Institute of Robotics and Automatic Information System Tianjin Key Laboratory of Intelligent Robotics
Seminar Series：Advanced Robotics & MEMS
题目：Physical Field Perception for Robotics, Automation and Mechatronics (RAM)
报告人：Kok-Meng Lee ASME Fellow, IEEE Fellow
Professor, Georgia Institute of Technology, Atlanta, GA
Past Editor-in Chief (前主编), IEEE/ASME Transactions on Mechatronics
Abstract: As compared to a human visual system (HVS) which is incredibly adapted to seeing “optical fields” in a 3D world and applying lifelong learning/training as constraints to deal with ambiguous situations, such levels of sophistication are difficult to emulate on a machine vision system (MVS) particularly for solving human life applications. On the other hand, machines that creatively utilize one or more physical fields perform far better than human in engineering applications where process monitoring and products quality control are measured quantitatively. Recent advances in 3C (computing, communication and control) technologies and experimental techniques, coupled with dramatic reductions in cost, have enabled the ability to generate massive raw data, turn them into physical-field perception (information), then into 4D engineering models (knowledge). In principle, it is possible to create intelligent machines capable of learning equal (or better) than human. However, in order to do so, it is necessary to take into account some fundamental differences between qualitative human-based and quantitative engineering data. This talk presents several new techniques to overcome limitations in traditional approaches with selected application examples which help illustrate the impacts and yet to cover a wide variety of RAM applications. The intended audience of this talk includes undergraduates, graduate students and faculty with engineering backgrounds.

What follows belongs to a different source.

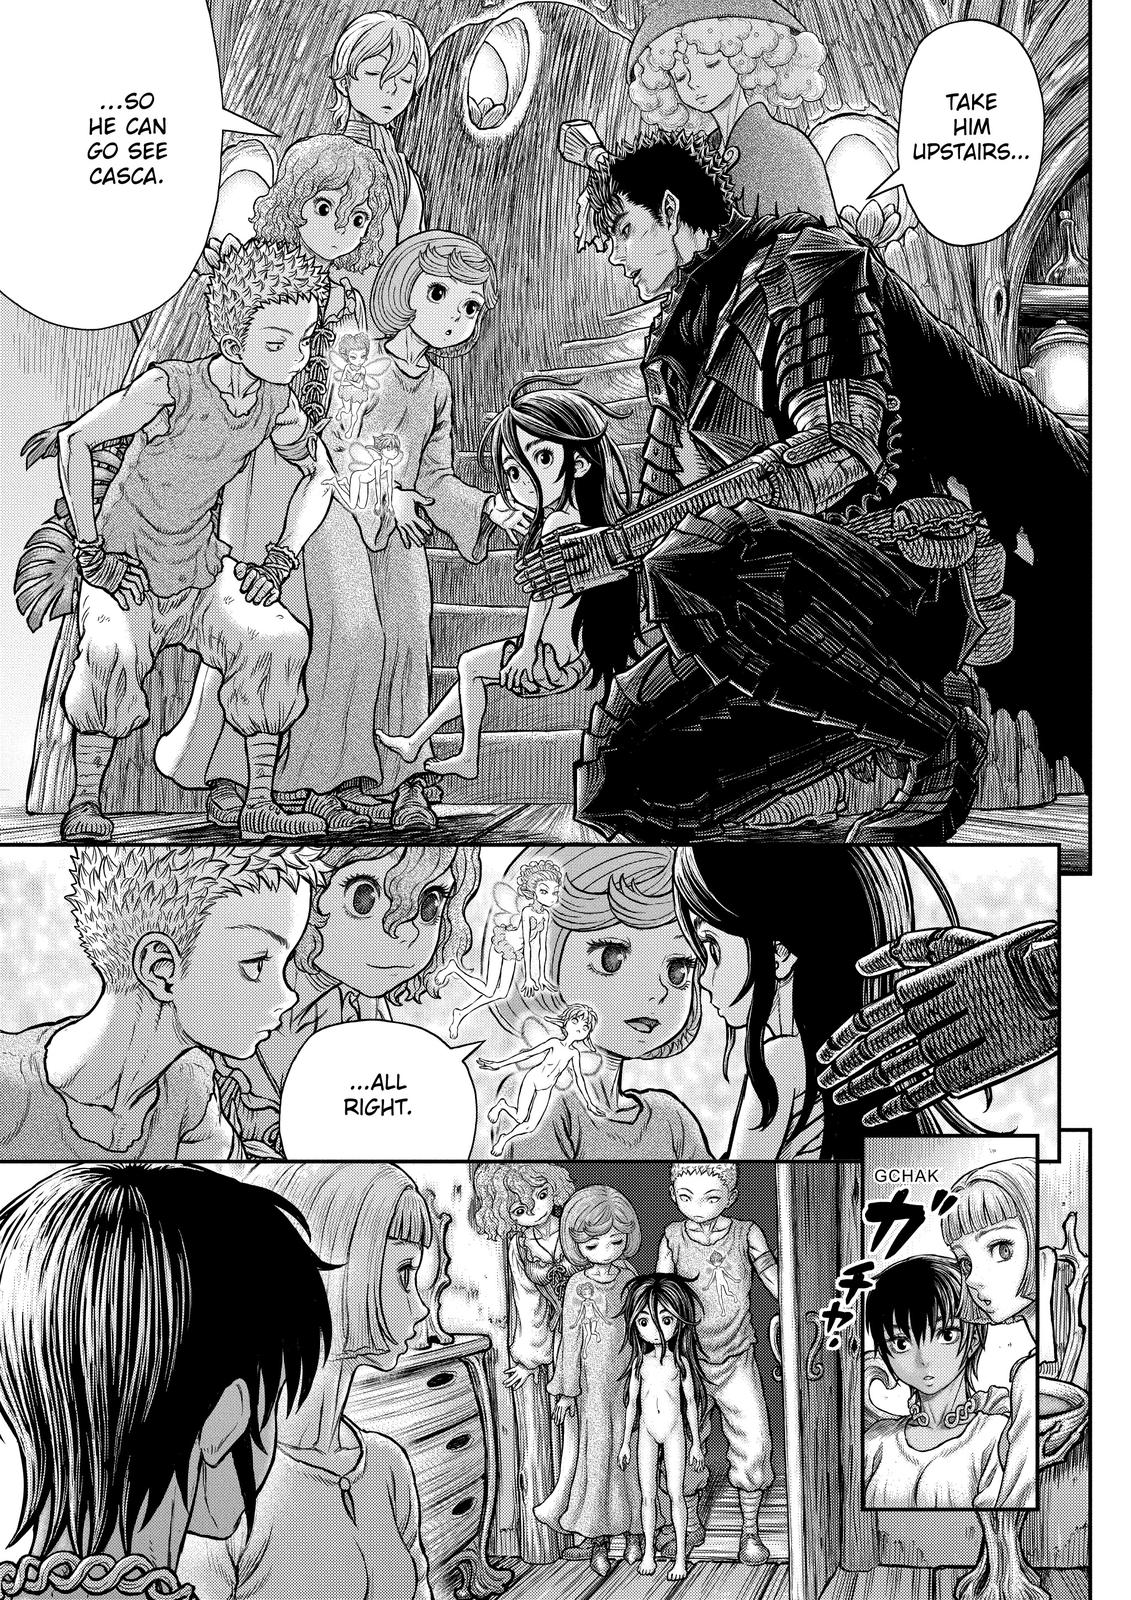 Berserk Manga Chapter 364 image 05

Dr. Kok-Meng Lee (firstname.lastname@example.org) 于1980年在纽约州立大学取得学士学位，于1982年和1985年在麻省理工学院分别获得硕士和博士学位。
李博士是ASME Fellow, IEEE Fellow. 现任 Division Chair of ASME Dynamics Systems and Control。他的研究成果得到广泛认可，获得了多个奖项，包括the National Science Foundation (NSF) Presidential Young Investigator, Sigma Xi Junior Faculty Research, International Hall of Fame New Technology, Kayamori Best Automation Paper and IEEE/ASME Transactions on Mechratonics Best Paper awards.